Edit: Take this with a grain of salt though, I found your question because I'm trying to accomplish what Crashworks described. I'm thinking of using affinity to open long living threads and have the master thread run the majority of the Cpp-Taskflow hierarchy work, feeding jobs to the others. I've yet to use the sqlite meothod of job-queue/control communication, that's just my plan so far.
I hope someone finds this helpful.
I rolled my own, based on Boost.threads. I was quite surprised by how much bang I got from writing so little code. If you don't find something pre-made, don't be afraid to roll your own. Between Boost.threads and your experience since writing your own, it might be easier than you remember.
For premade options, don't forget that Chromium is licensed very friendly, so you may be able to roll your own generic library around its code.

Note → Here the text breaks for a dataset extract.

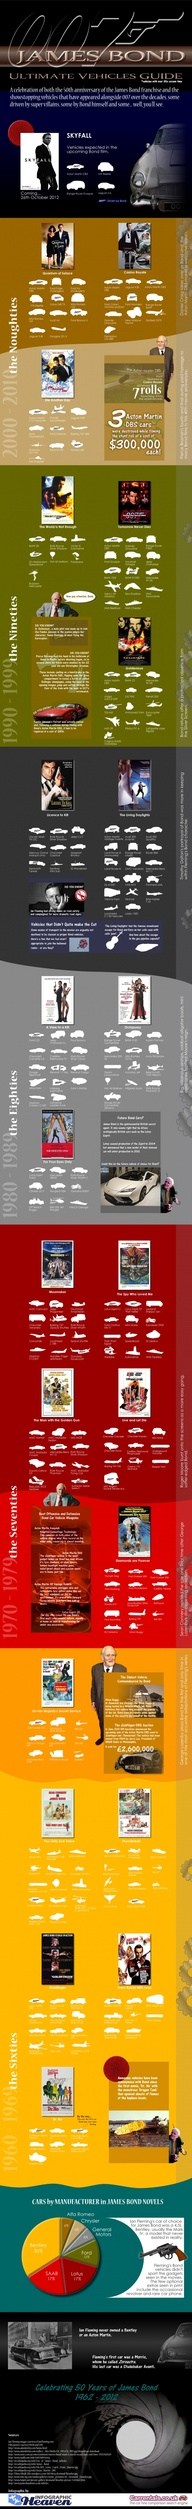 007 - James Bond car

There's plenty of distributed resource managers out there. The software that meets nearly all of your requirements is Sun Grid Engine. SGE is used on some of the worlds largest supercomputers and is in active development.
There's also similar solutions in Torque, Platform LSF, and Condor.
It sounds like you may want to roll your own but there's plenty of functionality in all of the above.
Would something like threadpool be useful to you? It's based on boost::threads and basically implements a simple thread task queue that passes worker functions off to the pooled threads.